As discussed above, one should not rely upon the inspiration of the moment to deliver a closing argument. A winning summation is usually the result of meticulous, painstaking preparation done well in advance of the actual delivery of the remarks. In order to insure that such preparation is not wasted, obviously, it is necessary that counsel utilize a structure in preparing his/her outline of the legal and factual issues counsel wishes to discuss with the jury.
The following elements should be present in your remarks: 1) an interesting introduction to the summation; 2) a discussion of what happened; 3) a discussion of the law and the burden of proof and why; 4) a discussion of damages; and 5) an appropriate peroration or conclusion.

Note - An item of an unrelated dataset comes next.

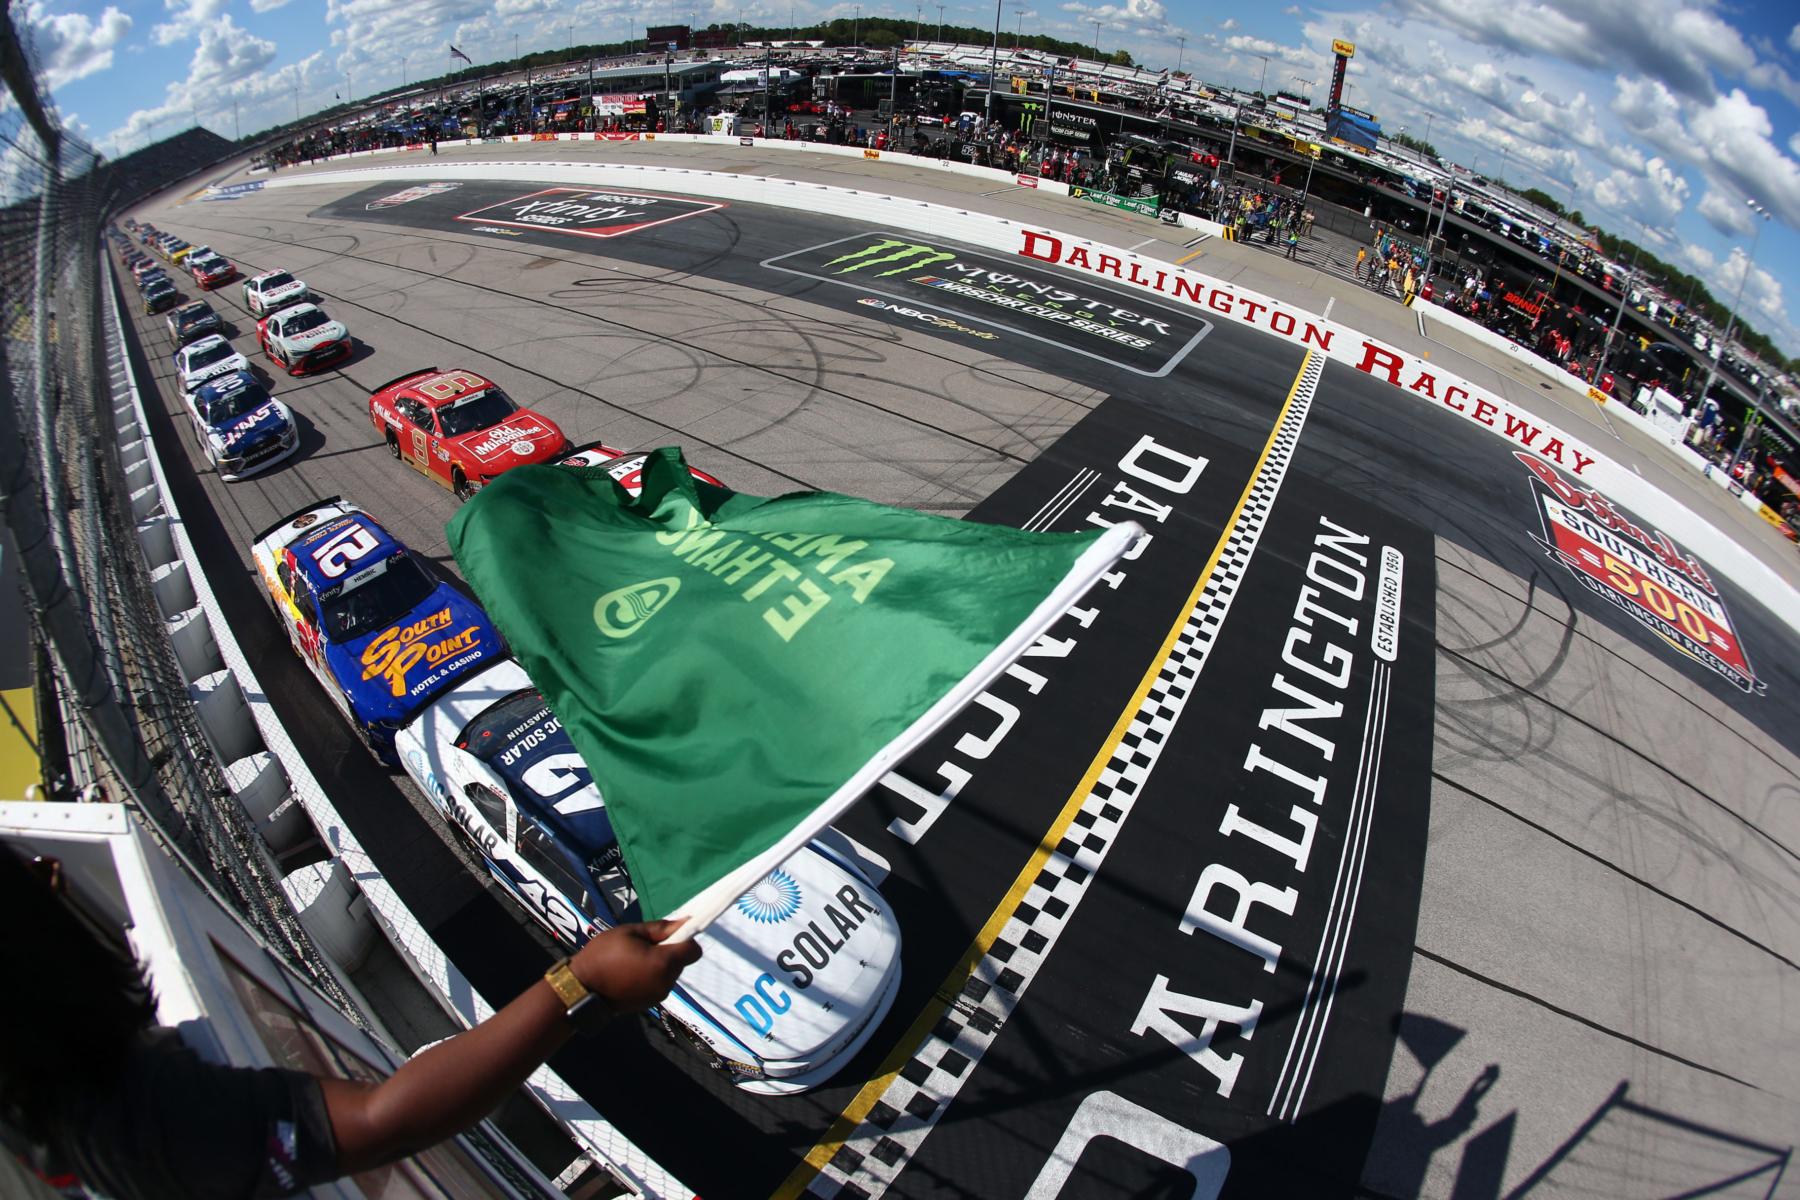 NASCAR Xfinity Series at Darlington Raceway

In short, the closing argument should not be rambling but should be structured with a logical flow to it and with a content appropriate to the facts and legal issues involved in the case. While content many times is not as important as the actual delivery of the summation, nonetheless it is obviously important. Thus, for the content to be delivered in an effective manner, the communication style must be clear and concise and must be organized in such a manner that the jury can follow it as it is delivered. When counsel uses the “echo effect,” uses demonstrative exhibits, uses the language of the case and gives his remarks a structure, the essential elements of a winning summation are present.
1) An Interesting Introduction
With respect to the recommended structure, as indicated, counsel should initially deliver an interesting introduction to the summation. In short, the jury should hear an argument at the very beginning of the summation which captures its attention. It is recommended here that the beginning of summation mirror and/or have an “echo” effect of what hopefully was an interesting opening statement.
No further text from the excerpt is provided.